Fig. 4. Aging significantly attenuates the kinetics of the gliovascular structural plasticity response.

In order to determine if the kinetics of endfoot replacement significantly slowed as a result of aging, we ablated astrocytes at penetrating arterioles and acquired continual z-stacks to capture the exact time of endfoot replacement. White asterisks indicate ablated astrocytes (shown in gray, blood vessels are in red) and arrows demarcate replacement processes (as in a and b) or lack thereof (as in c and d). Volumetric reconstruction showing a penetrating arteriole in a 4-month-old mouse (top) and 12-month old mouse (bottom) at a baseline, b the start of apoptosis, c the moment of endfoot retraction, and d one hour later. Scale bar = 10 µm. n = 6 astrocytes across 4 mice. e Average number of minutes to new endfoot replacement post-ablation in 4- versus 12-month old mice. Two-tailed, unpaired t-test, p < 0.0371. f Average number of hours to astrocyte corpse removal post-ablation in 4- versus 12-month old mice. Two-tailed, unpaired t-test, p < 0.03. g Average number of hours to endfoot replacement in 4- versus 12-month-old mice post-ablation.
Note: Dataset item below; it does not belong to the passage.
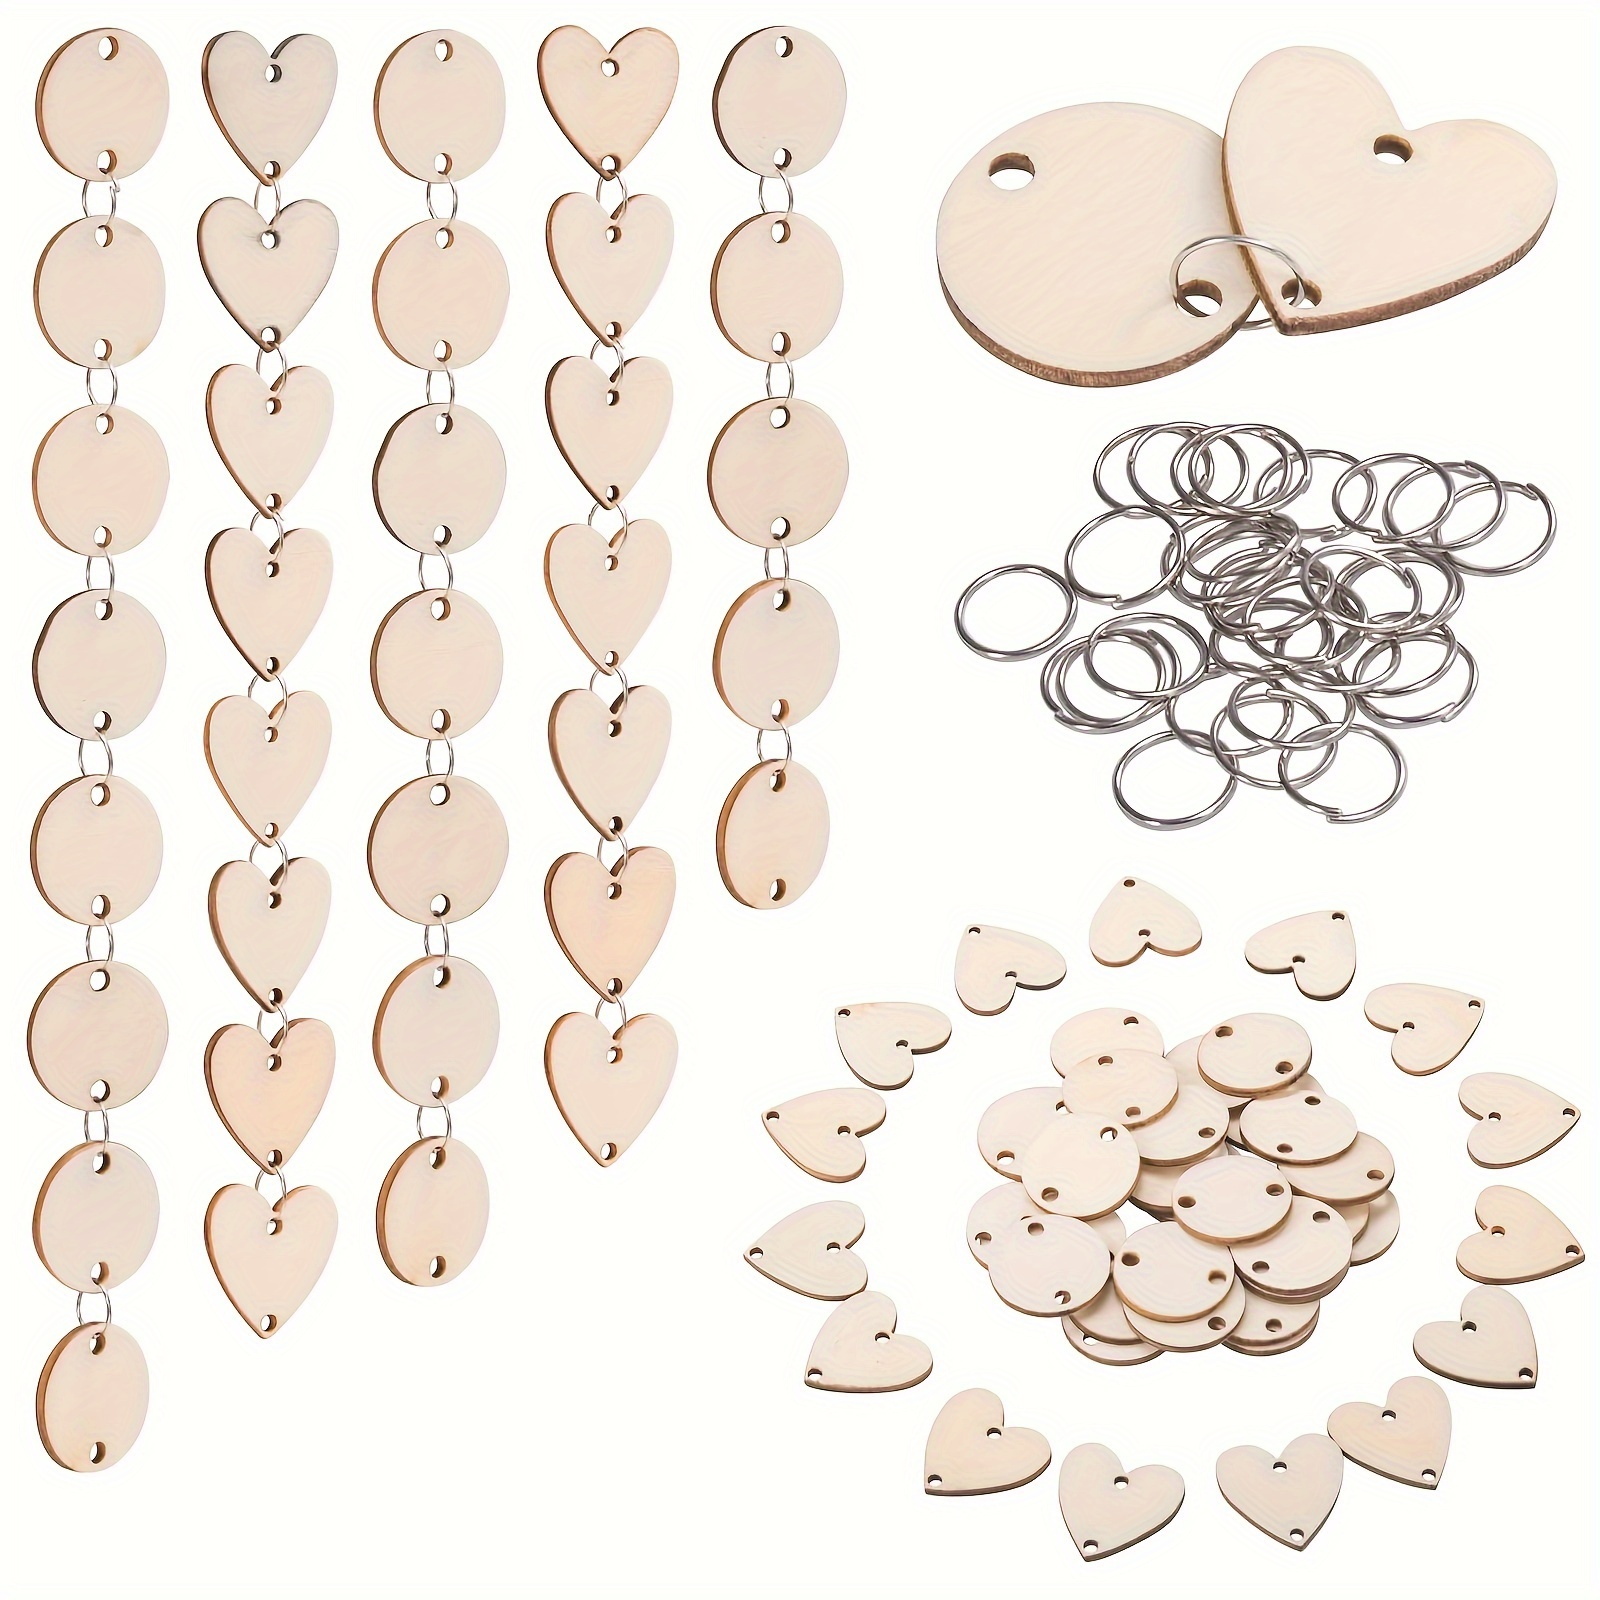  100Pcs 1 Wooden Hearts for Crafts, Small Wood Hearts

Two-tailed, unpaired t-test, p < 0.0022. n = 6 cells across 4 mice for both age groups. h Average area of eGFP+ endfoot lining around arterioles at ablated location pre- versus post-ablation. Two-tailed paired end t-test, p < 0.0370, n = 18 optical sections/4 mice. i Average post-ablation eGFP+ endfoot vessel lining area expressed as a percentage of baseline. n = Focal PAA ablations at 6 arterioles/4 mice. Note that the data points in h are averaged to give one dot in (i). Data are presented as mean values ± SEM. LUTS have been adjusted to emphasize the replacement astrocytes and associated processes.